:: Exercise requirements ::
Except for the pictures, reproduce the records word for word.

:: Records for this task ::
——

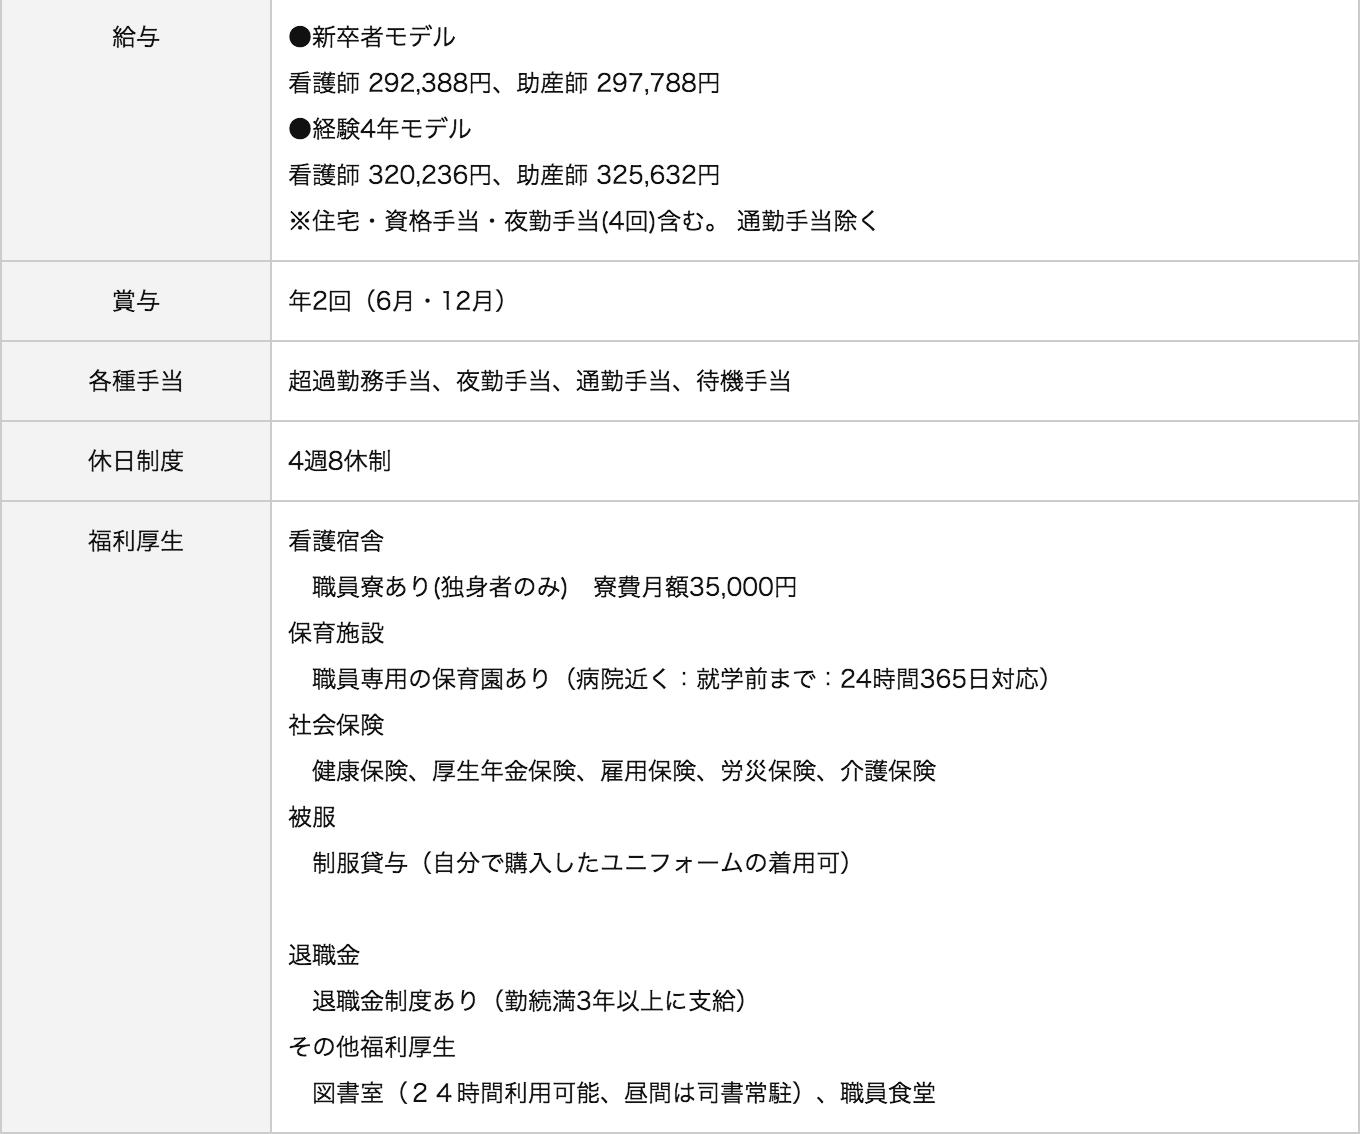 済生会横浜市東部病院待遇
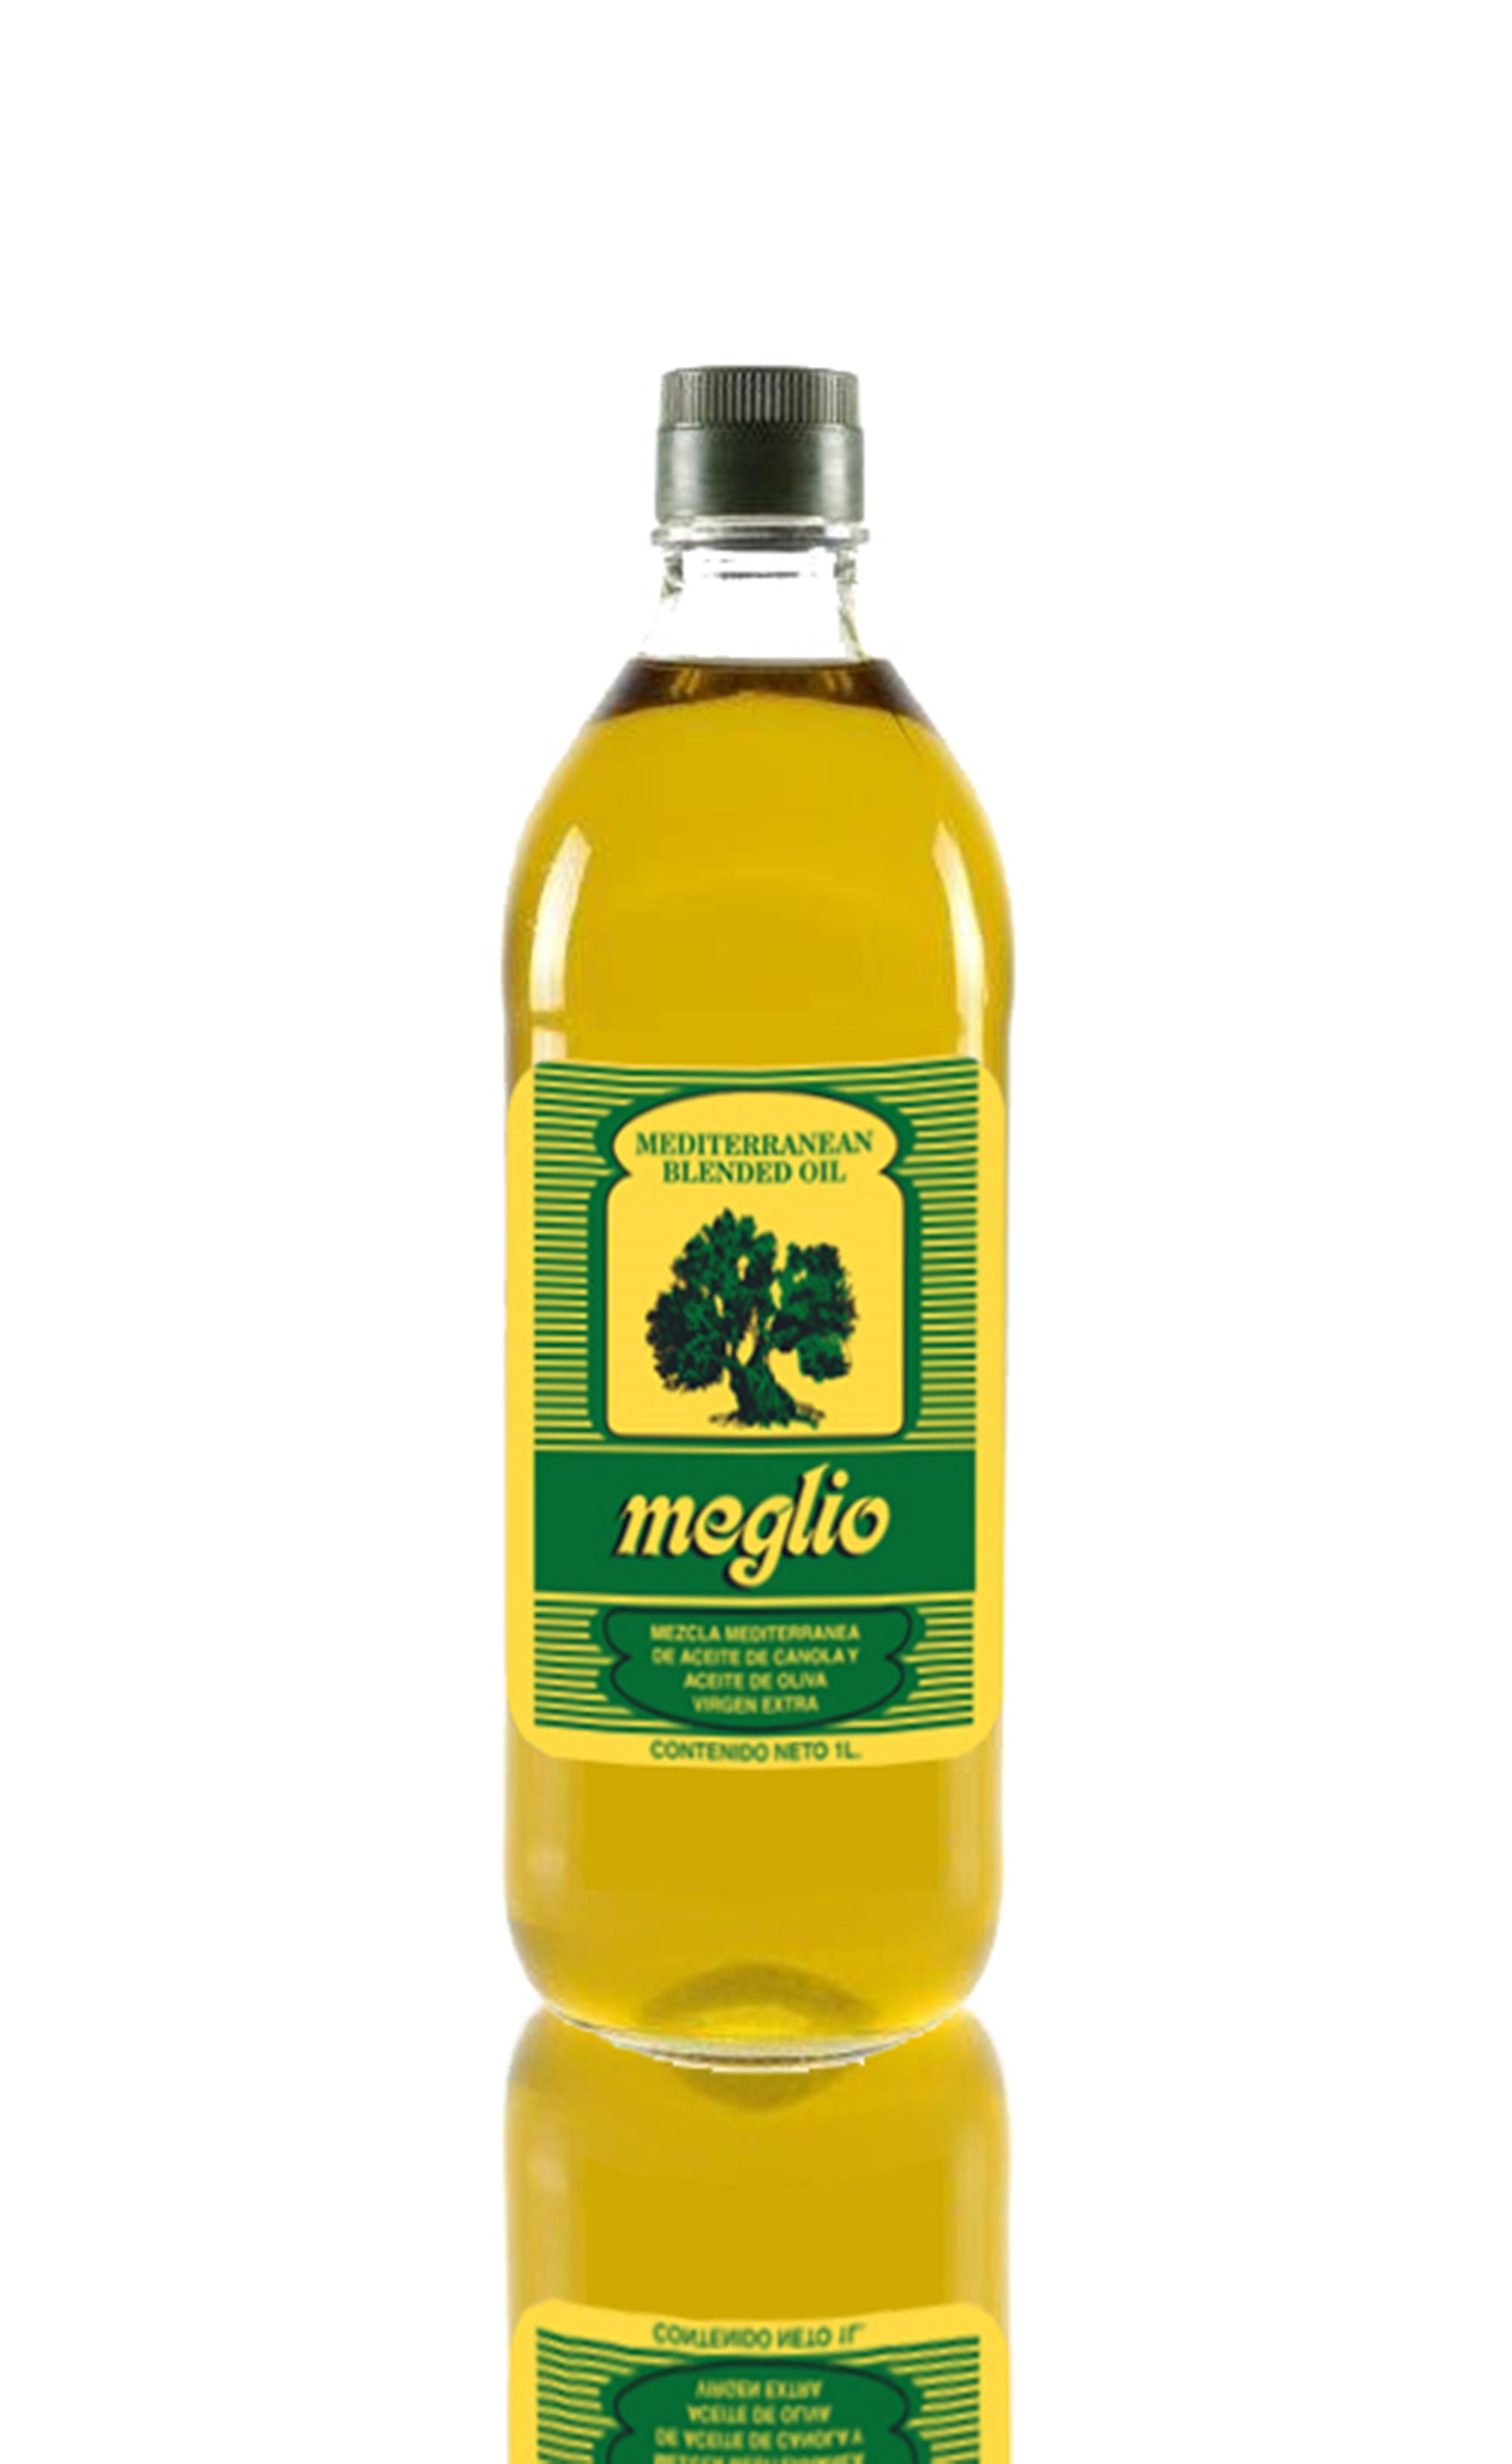 Meglio Blended Oil (sunflower & olive oil) 1lt
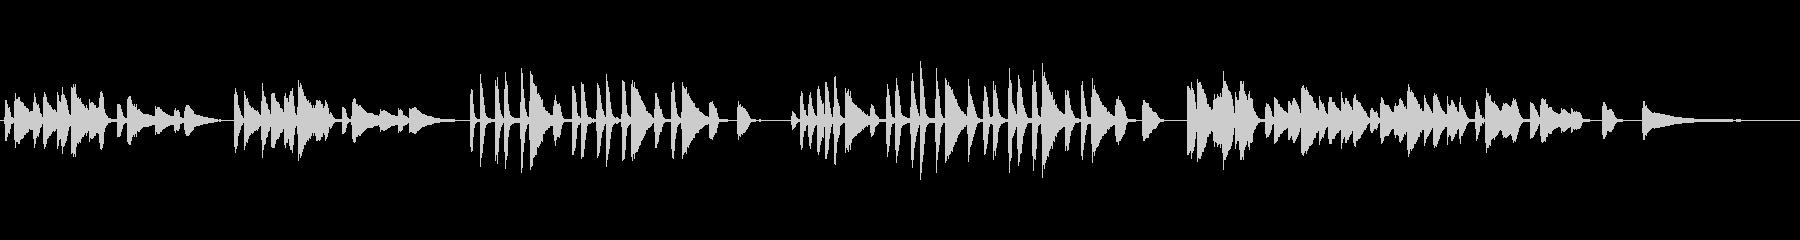 やさしいピアノソロ「むかしむかし」の未再生の波形
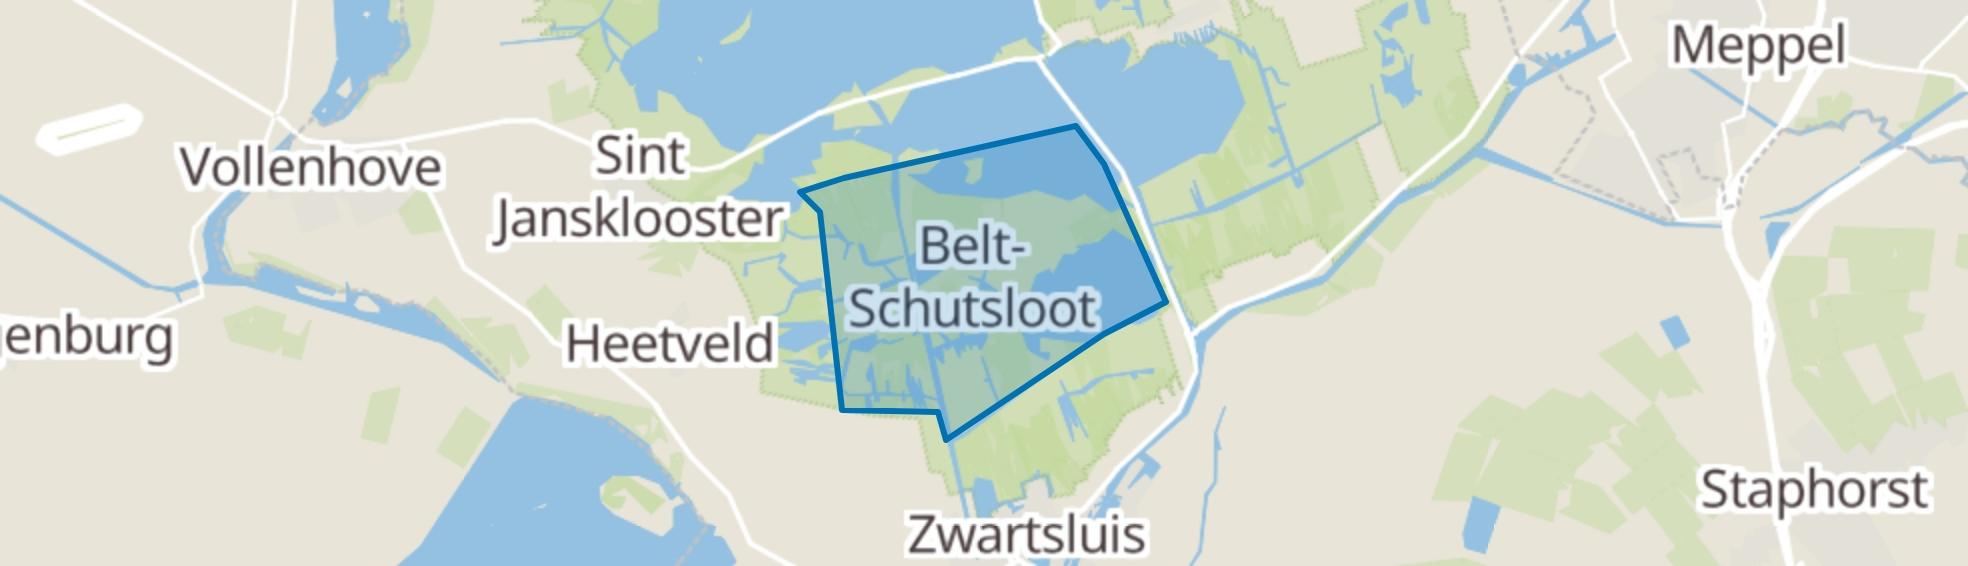 Belt-Schutsloot map
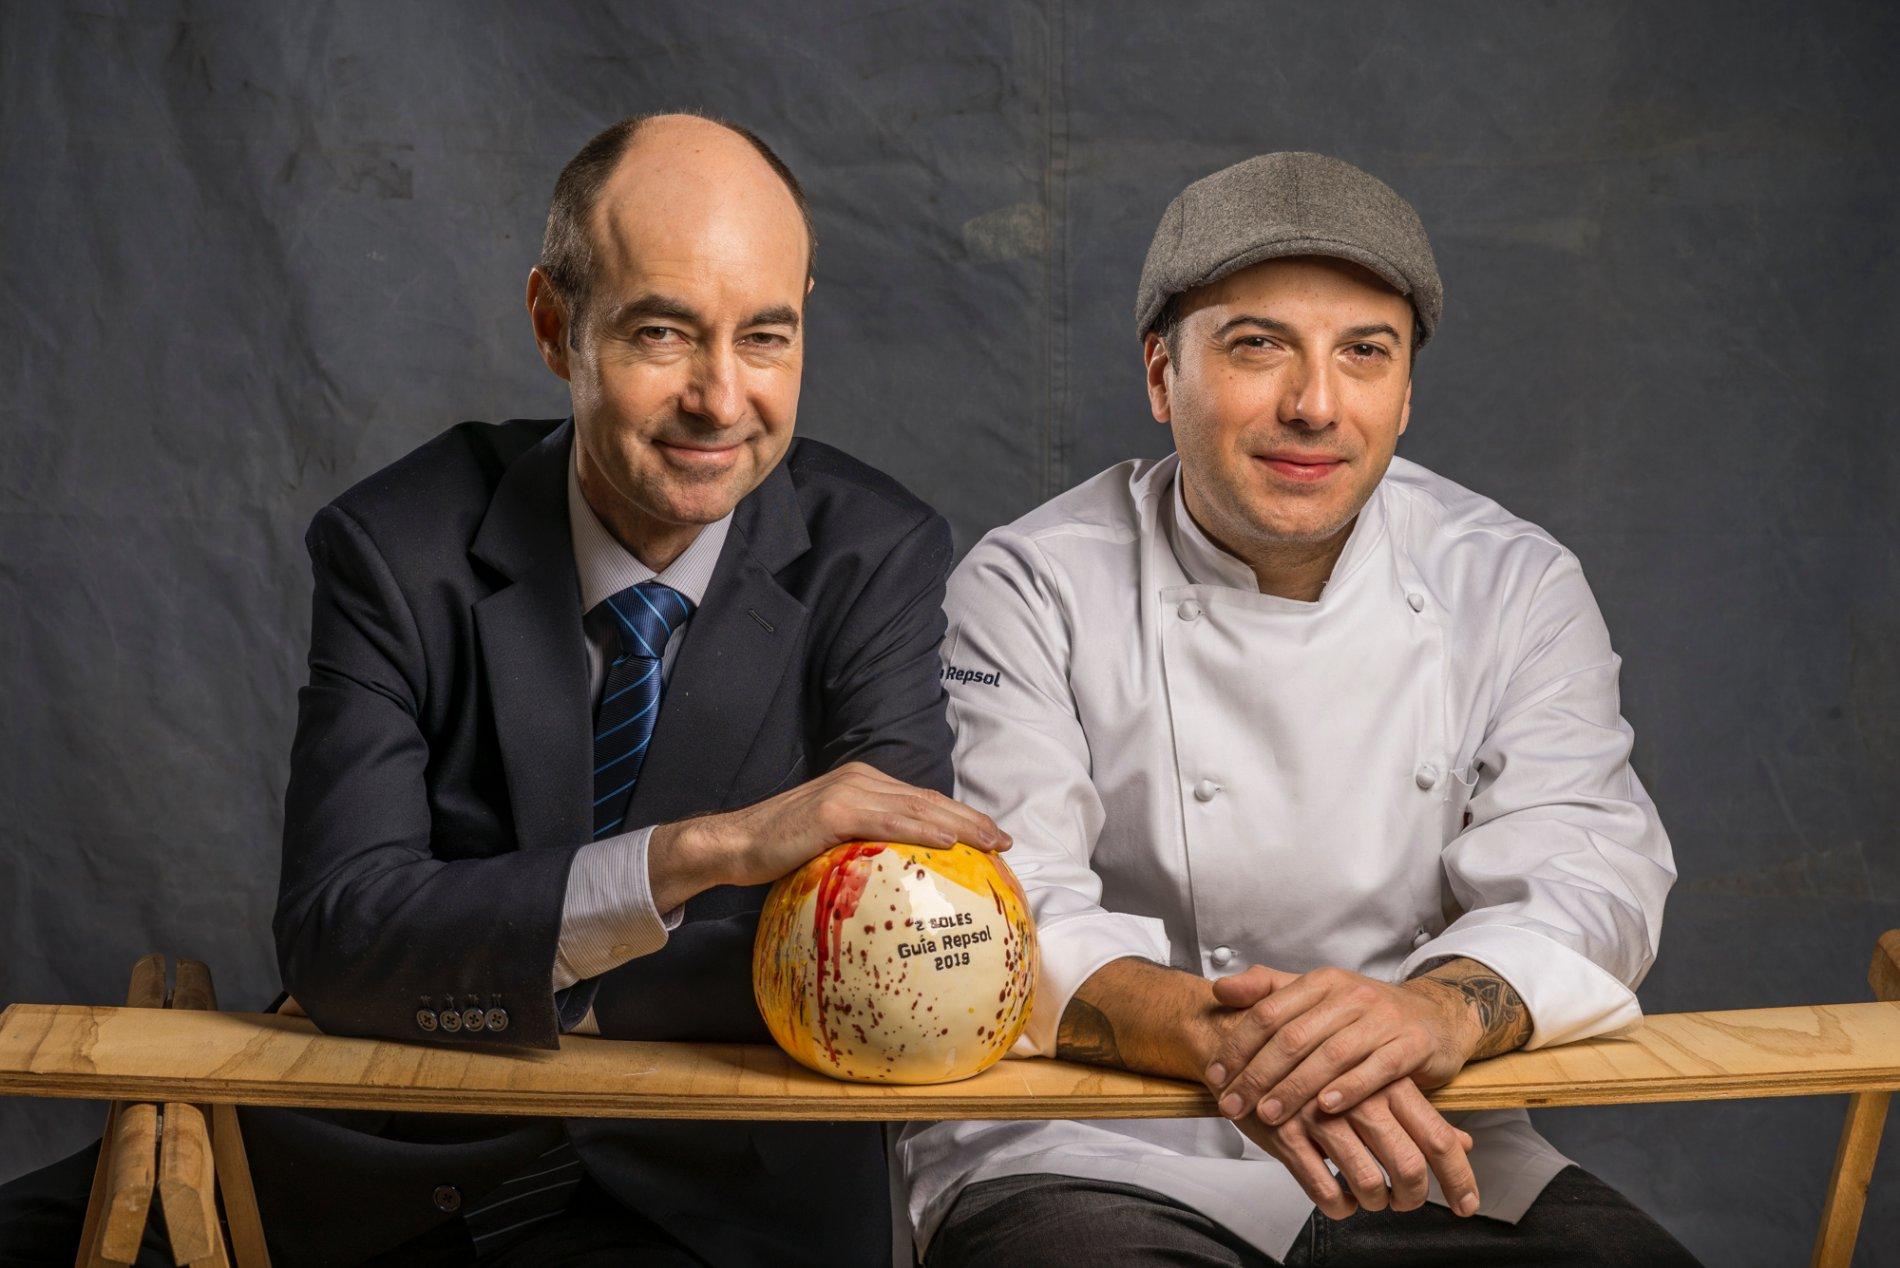 Restaurante con 2 Soles. David García y Juan Manuel del Rey (Corral de la Morería)

——

:: Solution below ::
 済生会横浜市東部病院待遇
 Meglio Blended Oil (sunflower & olive oil) 1lt
 やさしいピアノソロ「むかしむかし」の未再生の波形
 Belt-Schutsloot map
 Restaurante con 2 Soles. David García y Juan Manuel del Rey (Corral de la Morería)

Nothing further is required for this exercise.